HEC’s mission and challenges
Mission
The Higher Education Commission will facilitate Institutions of Higher Learning to
serve as Engines of Growth for the Socio-Economic Development of Pakistan
HEC provides central support, direction and drivers to the HE sector promoting
consistency in standards whilst encouraging differentiation between HEIs in terms of
target audiences, offers and areas of excellence
Challenges
HEC is faced with three key challenges (a) Quality (b) Access and (c) Relevance to
national needs. Building leadership is the final key area of focus.
Dr Naqvi may like to add a statement here
A1 the HE sector
Historical background
In the years since its inception HEC has made great inroads into developing both the
teaching and learning and research missions of the university sector in Pakistan in terms of
capacity and quality.
The number of HEIs has also increased and is still increasing at a fast rate.
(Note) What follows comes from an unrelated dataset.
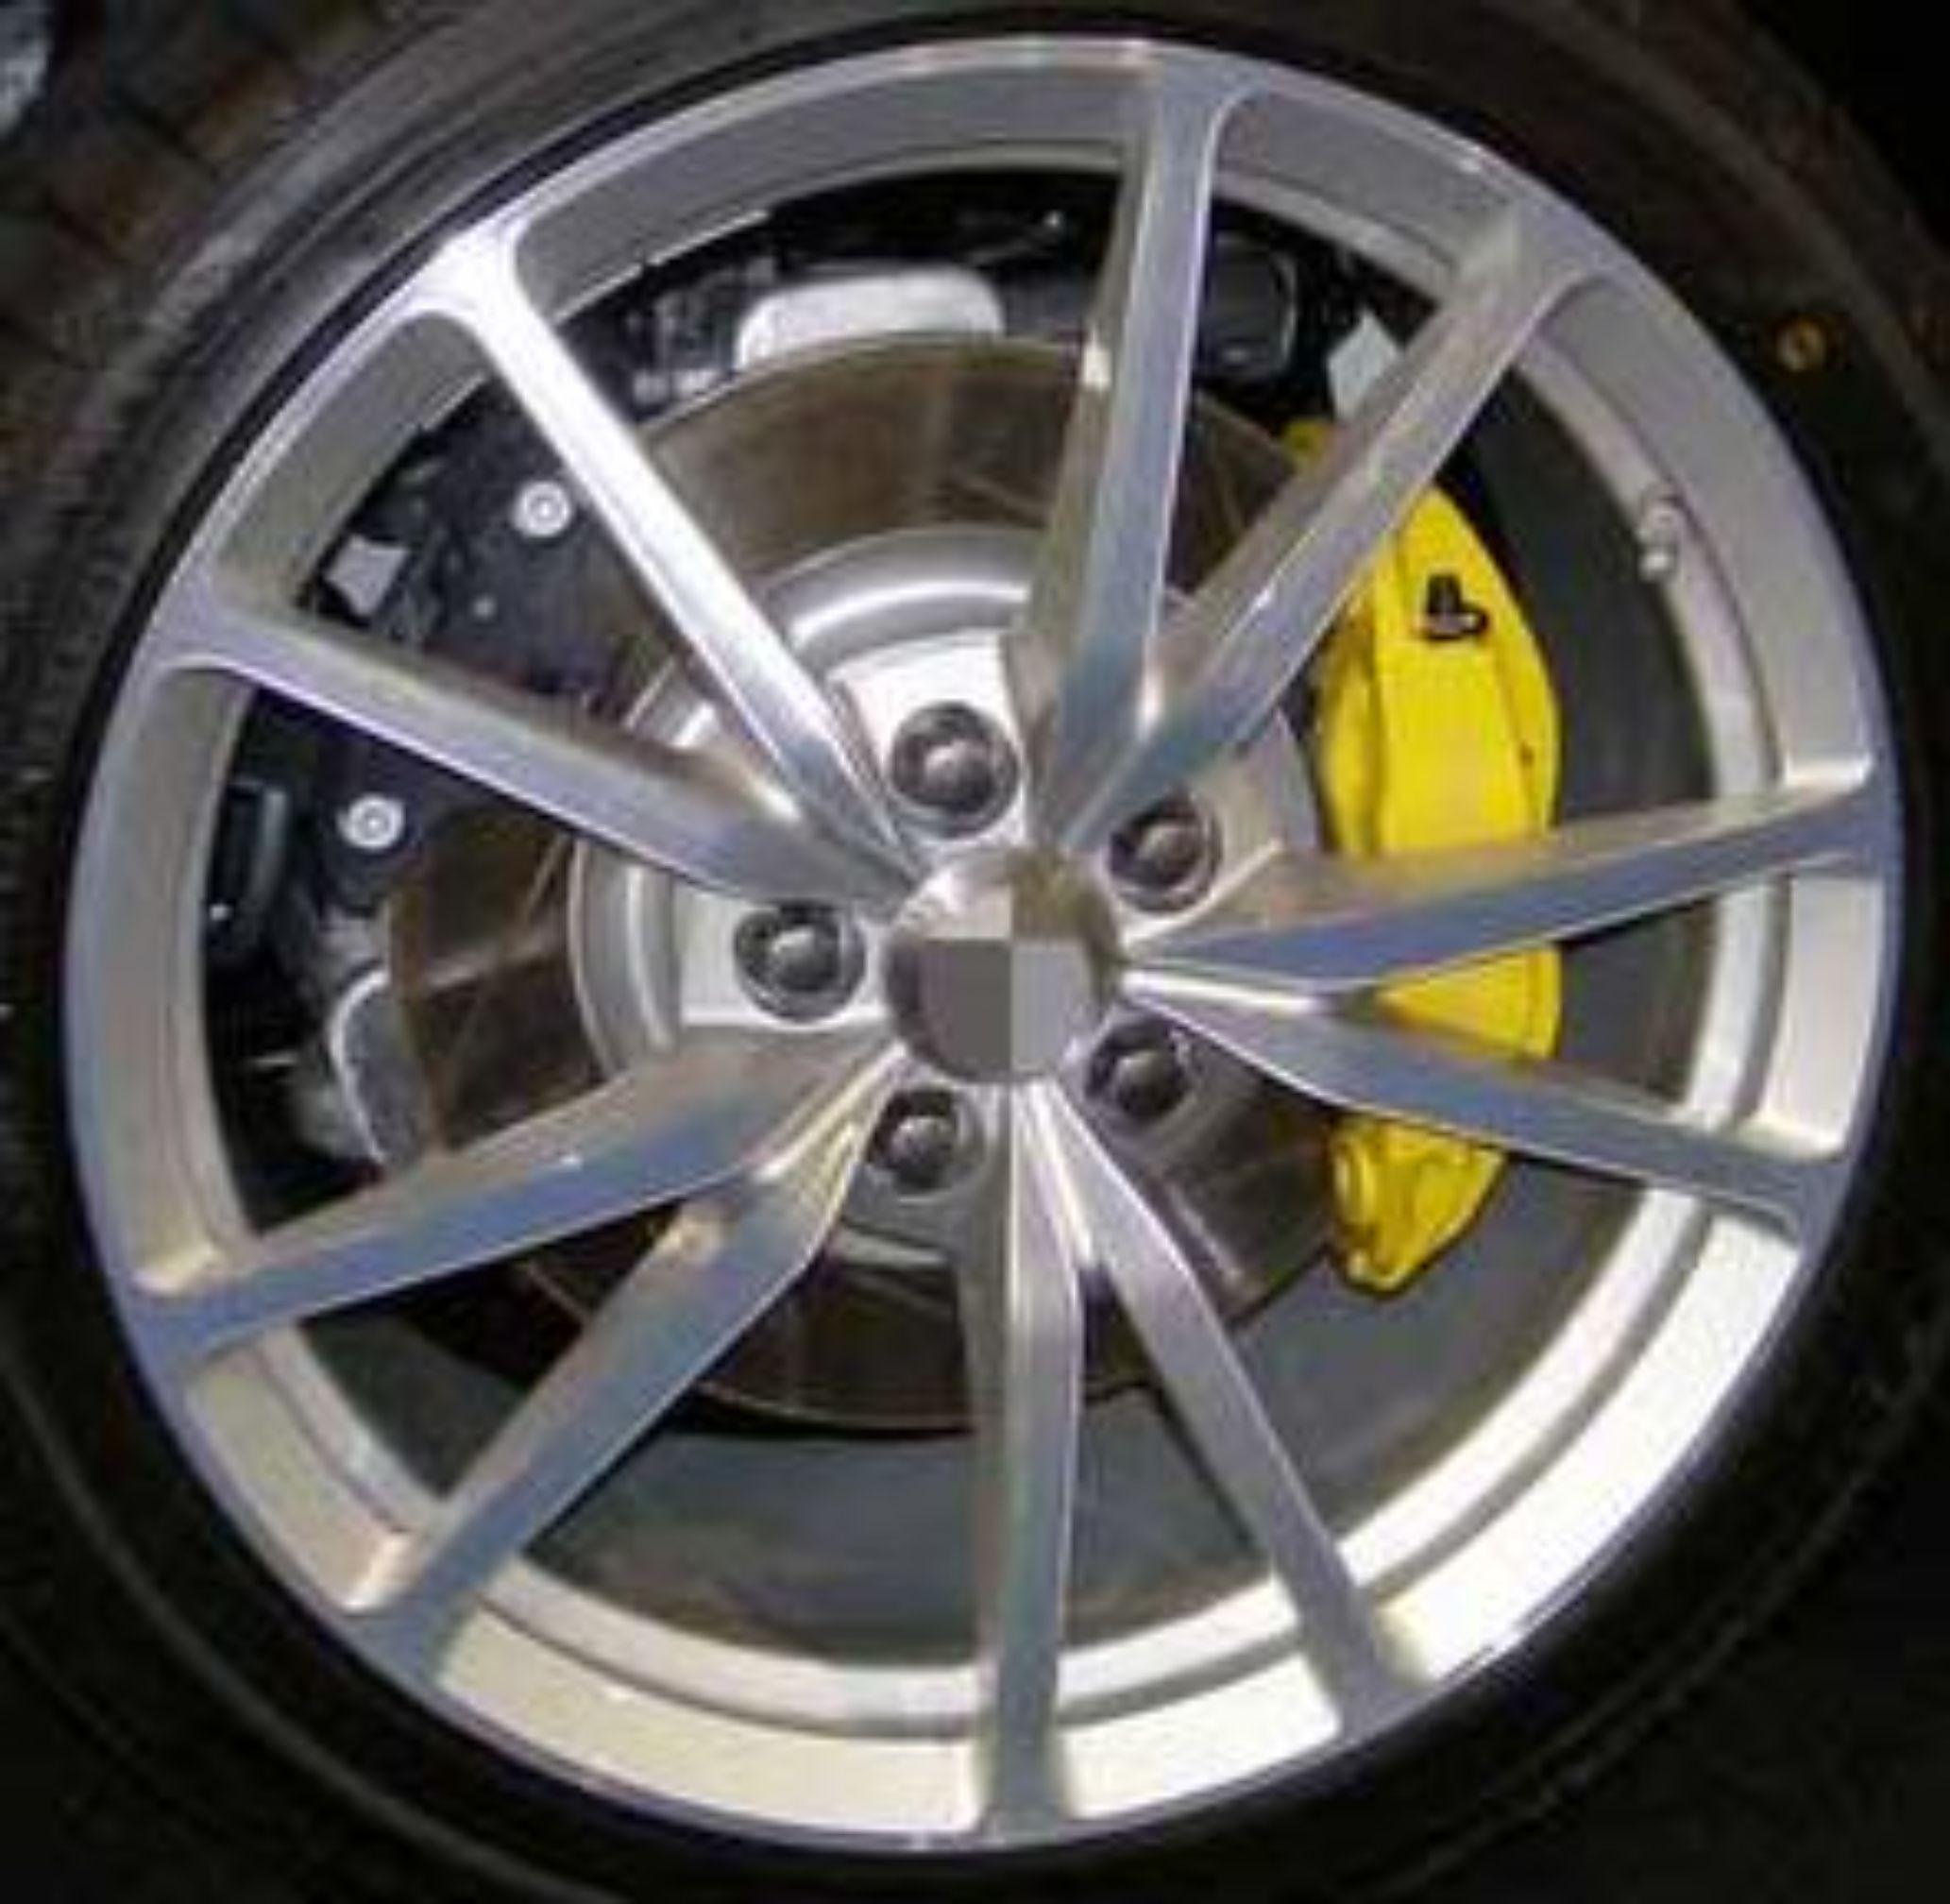 OEM FORGED WHEELS for Aston Martin Vantage
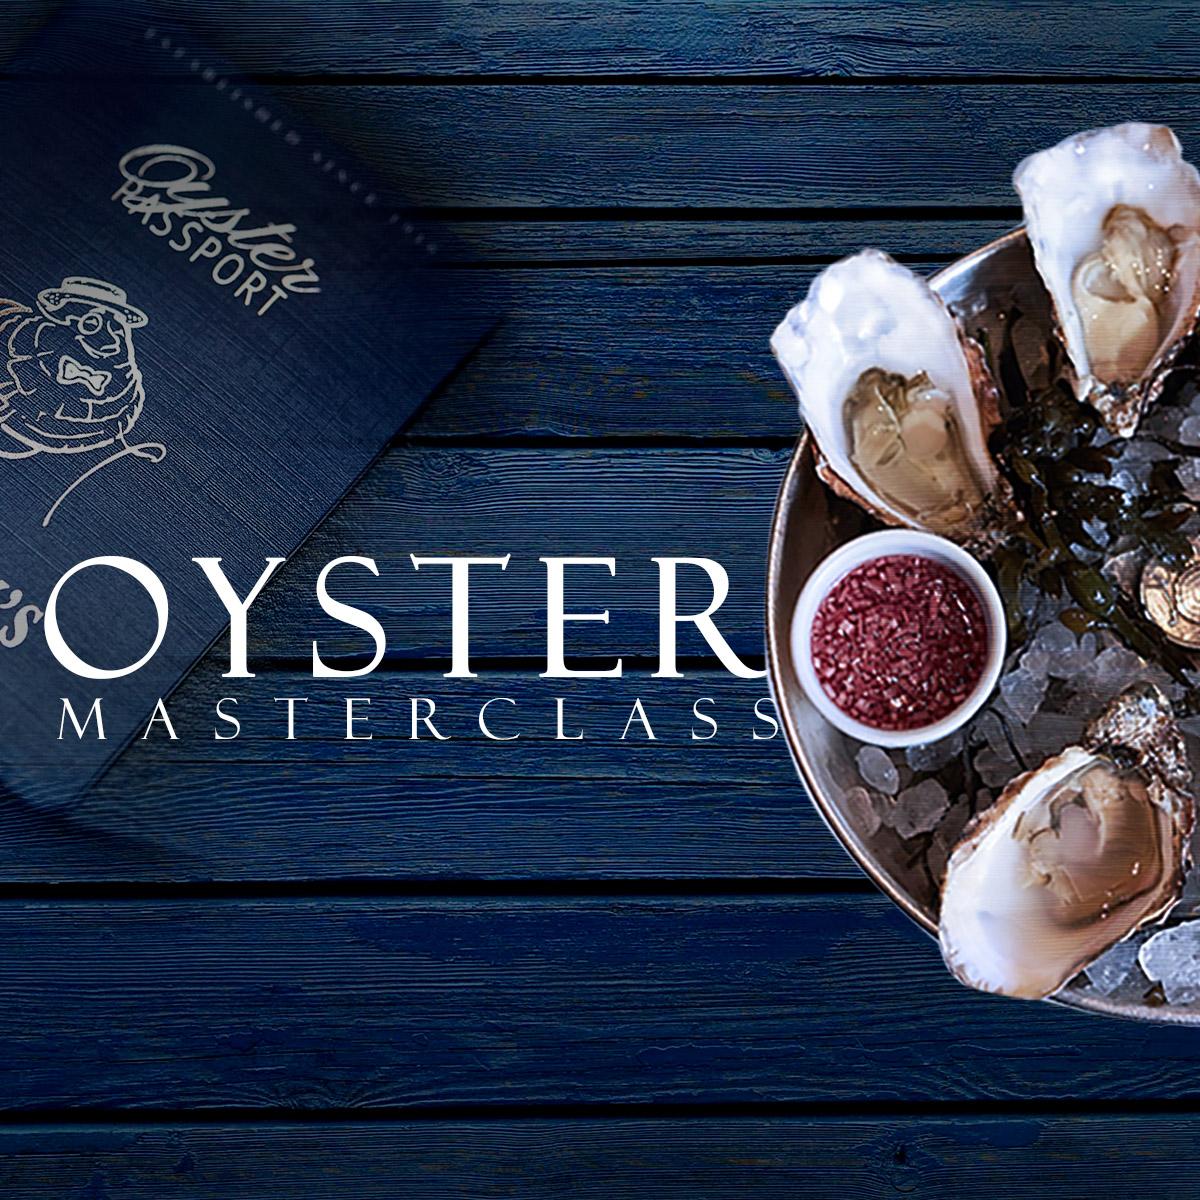 Oyster Masterclass

This has been
achieved through substantial investment in capacity building of academics, leaders and
researchers; physical infrastructure; technology and centralised standards, metrics and
management systems. It was driven by the first development framework and energised,
visionary, highly capable leadership and teams at HEC and within certain HEIs.
Current situation highlighting SWOT
There are currently (Jan 2 2012) 74 public universities / degree awarding institutes and 60
private universities / DAIs (total 134) (www.hec.gov.pk )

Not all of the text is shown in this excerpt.